**** Records to use ****

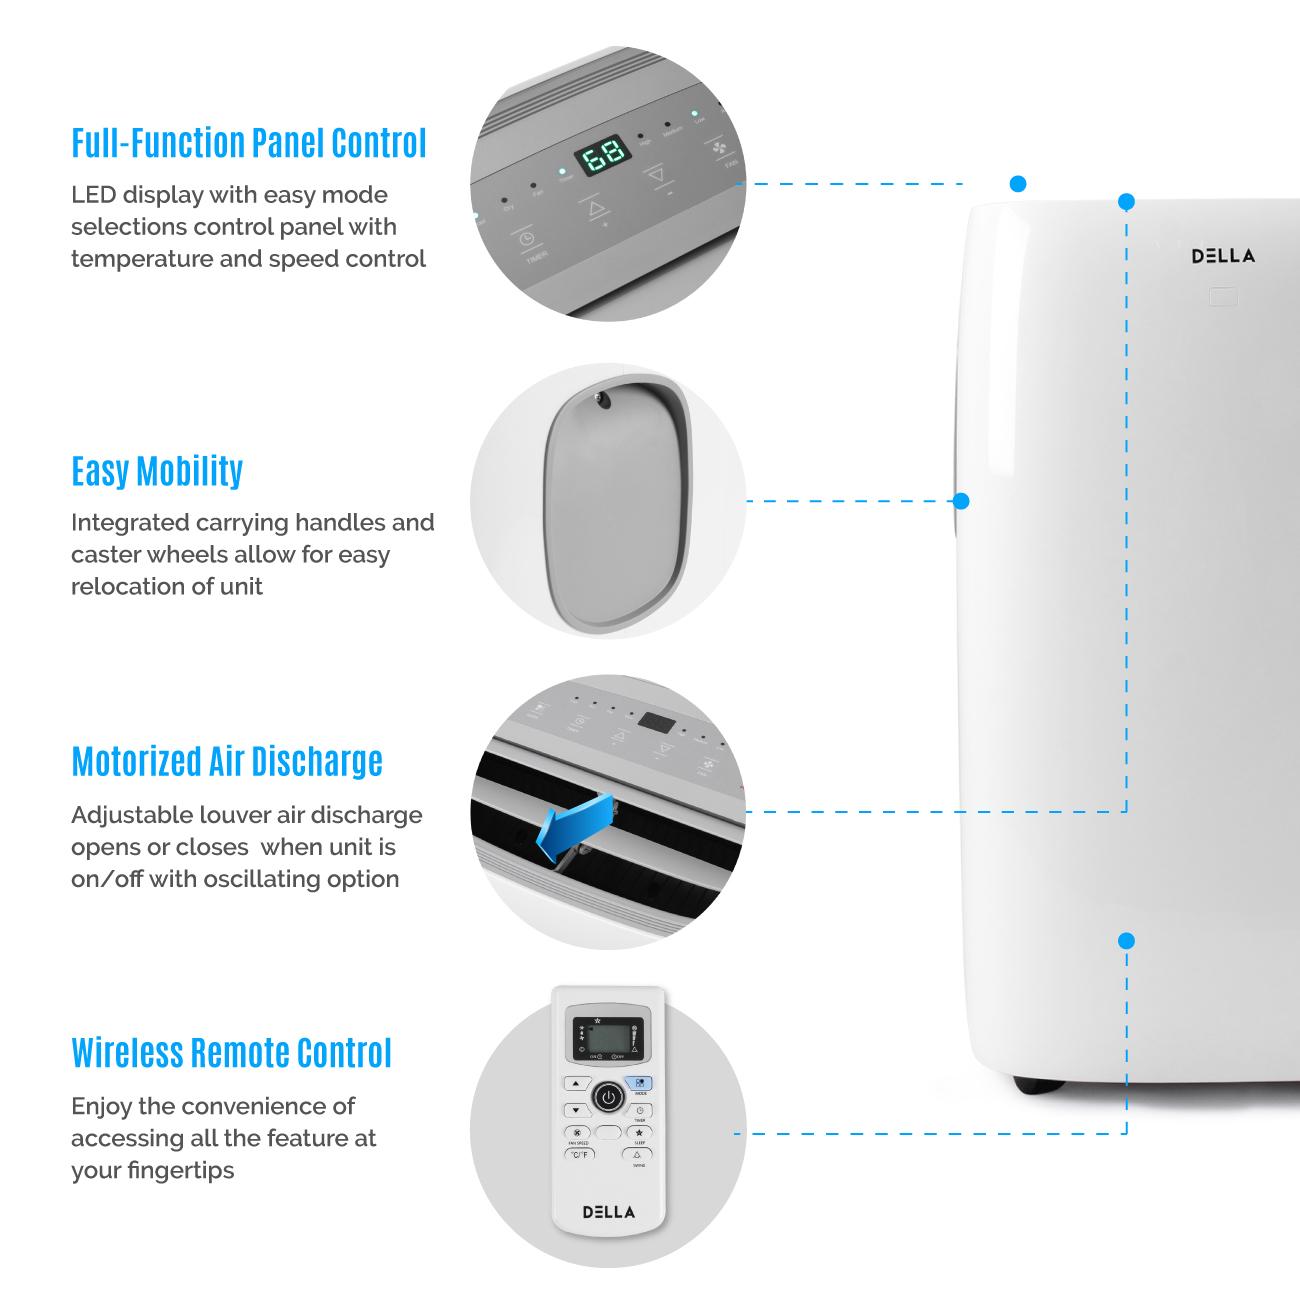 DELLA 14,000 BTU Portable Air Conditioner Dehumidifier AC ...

****
**** Records to use ****

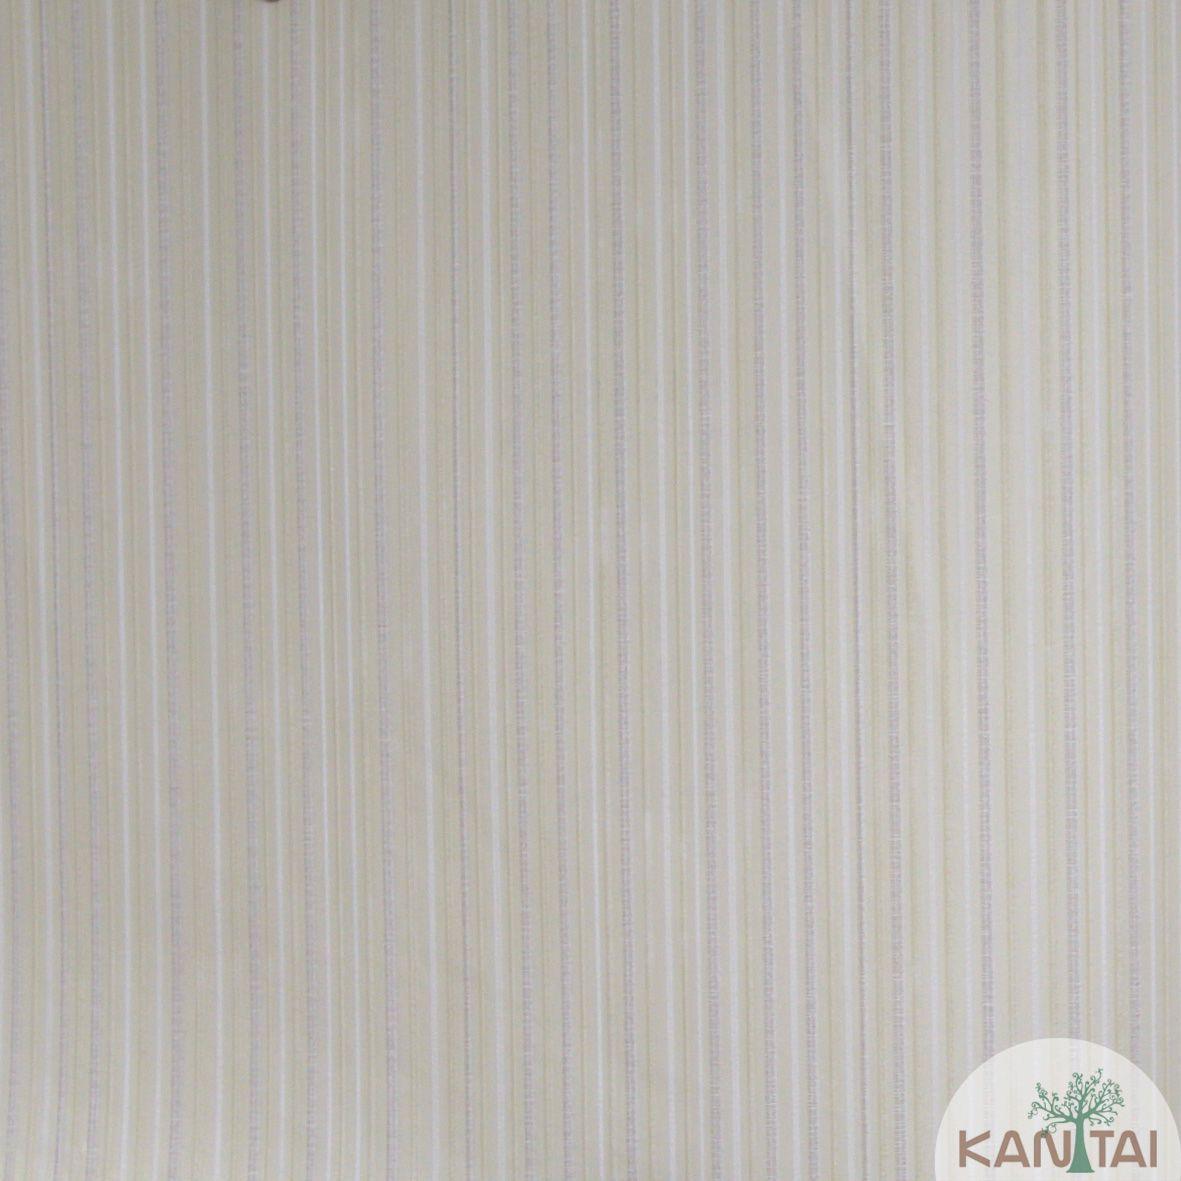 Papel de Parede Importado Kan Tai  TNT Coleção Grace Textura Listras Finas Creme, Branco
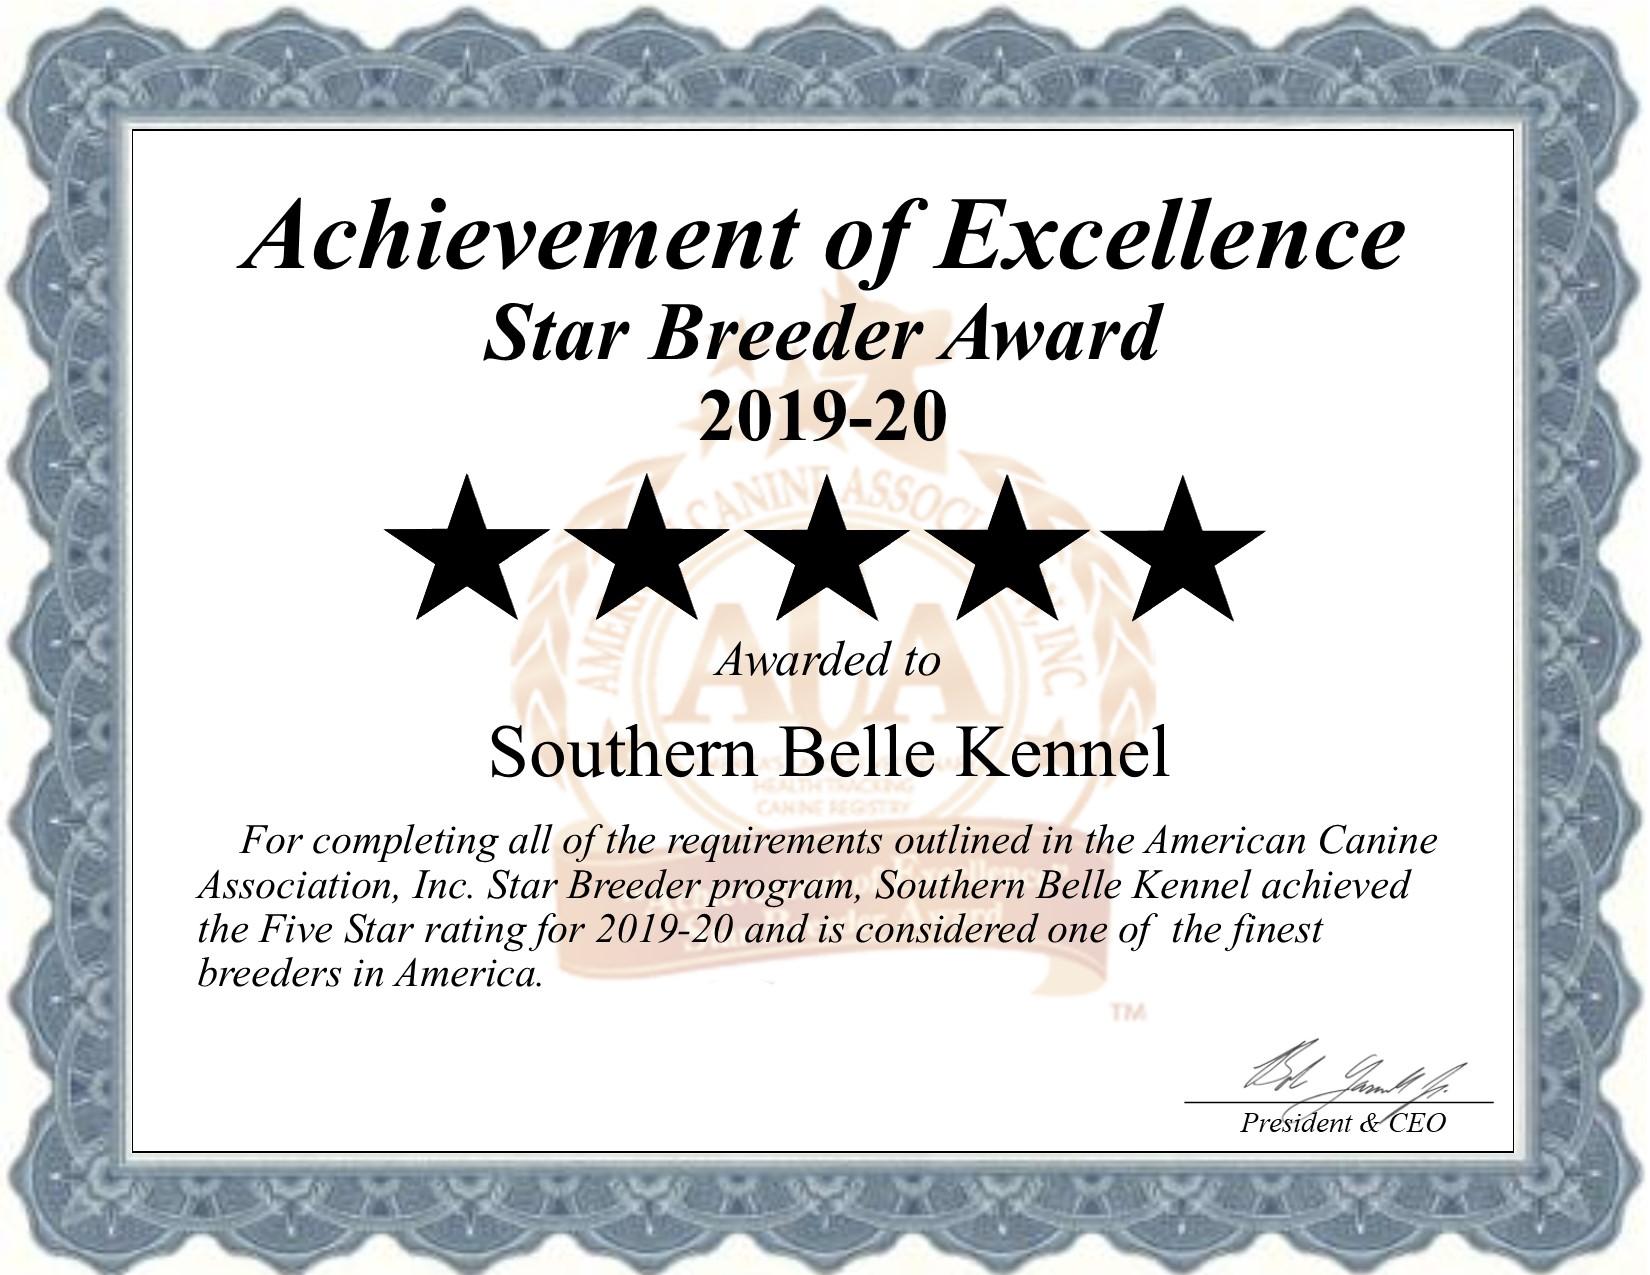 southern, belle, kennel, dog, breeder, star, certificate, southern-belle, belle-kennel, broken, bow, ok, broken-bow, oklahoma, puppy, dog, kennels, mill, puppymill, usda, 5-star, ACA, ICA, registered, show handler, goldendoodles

****
**** Records to use ****

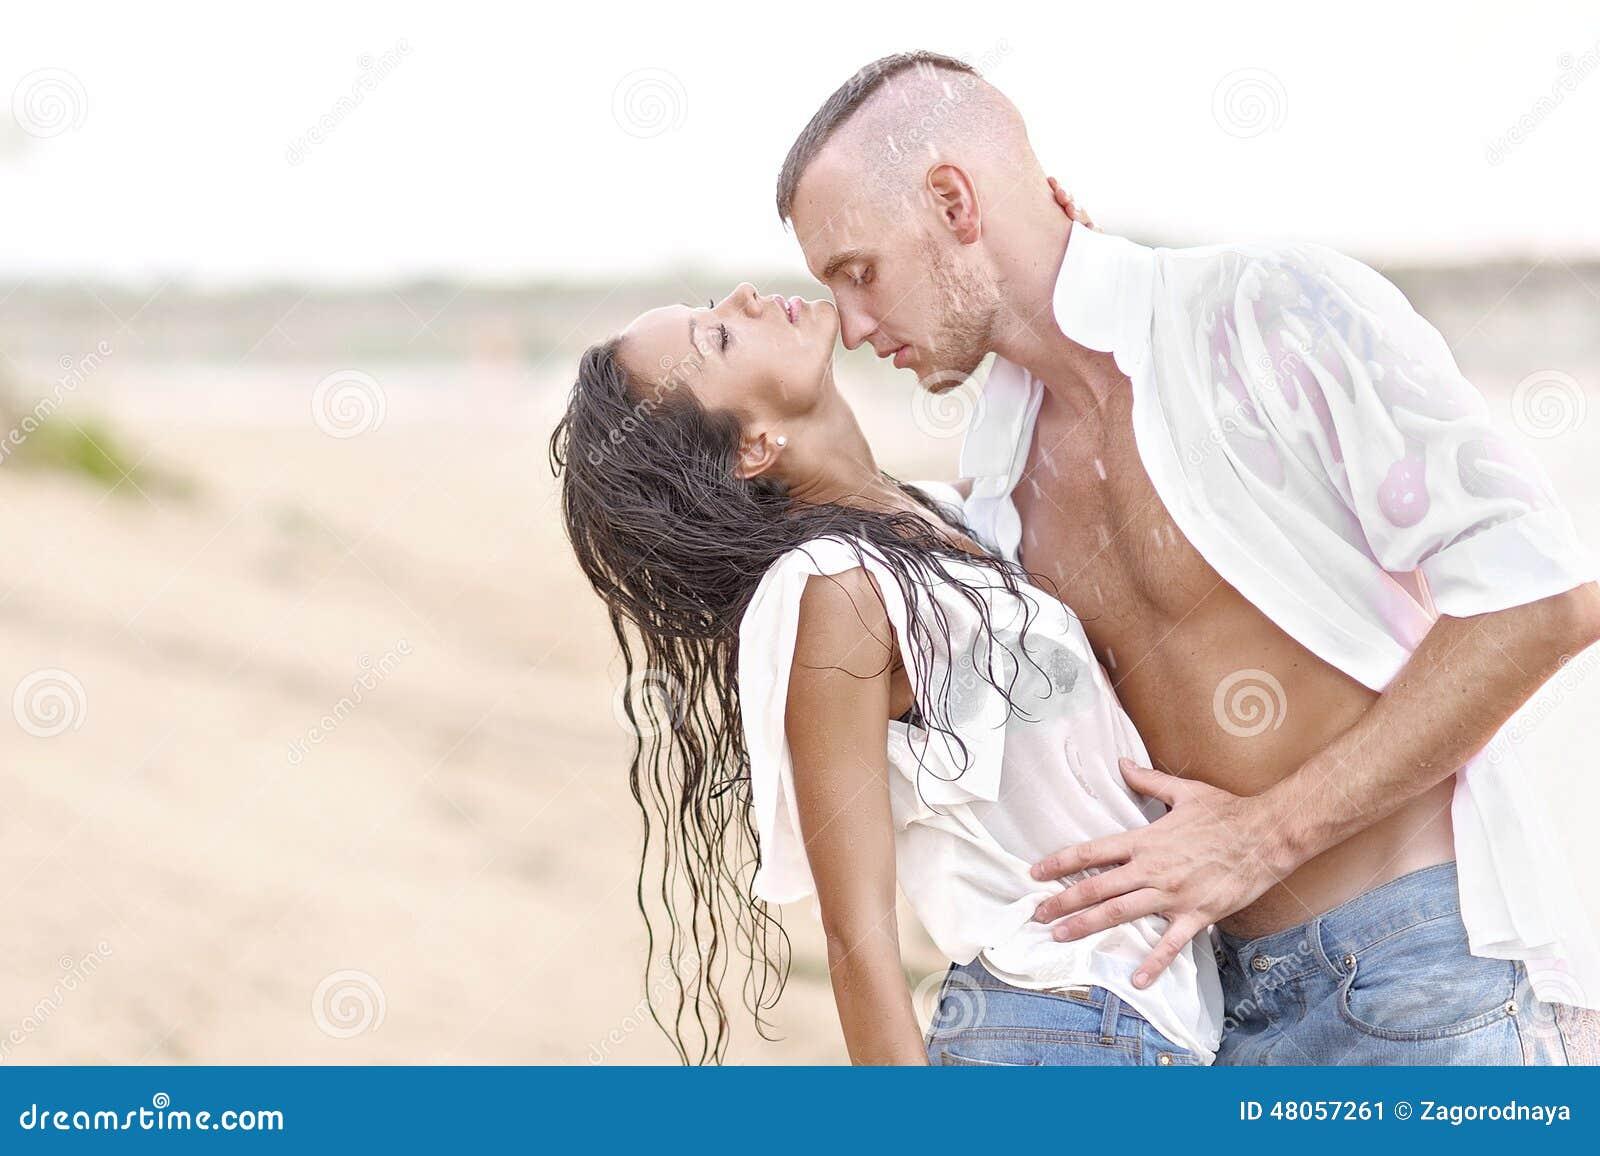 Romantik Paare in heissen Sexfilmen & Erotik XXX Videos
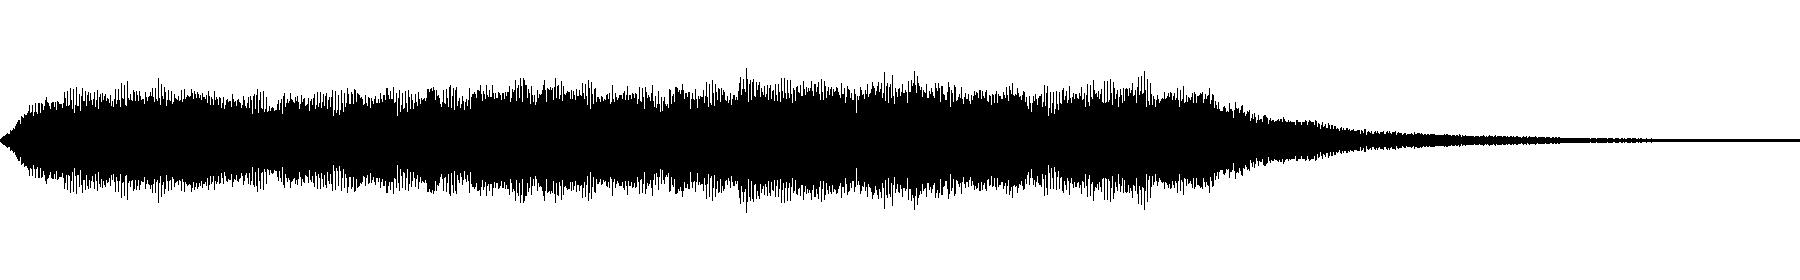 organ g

****

Assignment: Excerpt from the records above: set down only the lines from the one that contains "Papel de Parede" through the one that contains "show handler, goldendoodles", inclusive, word for word. Pictures stay out.

Response to this exercise:
 Papel de Parede Importado Kan Tai  TNT Coleção Grace Textura Listras Finas Creme, Branco
 southern, belle, kennel, dog, breeder, star, certificate, southern-belle, belle-kennel, broken, bow, ok, broken-bow, oklahoma, puppy, dog, kennels, mill, puppymill, usda, 5-star, ACA, ICA, registered, show handler, goldendoodles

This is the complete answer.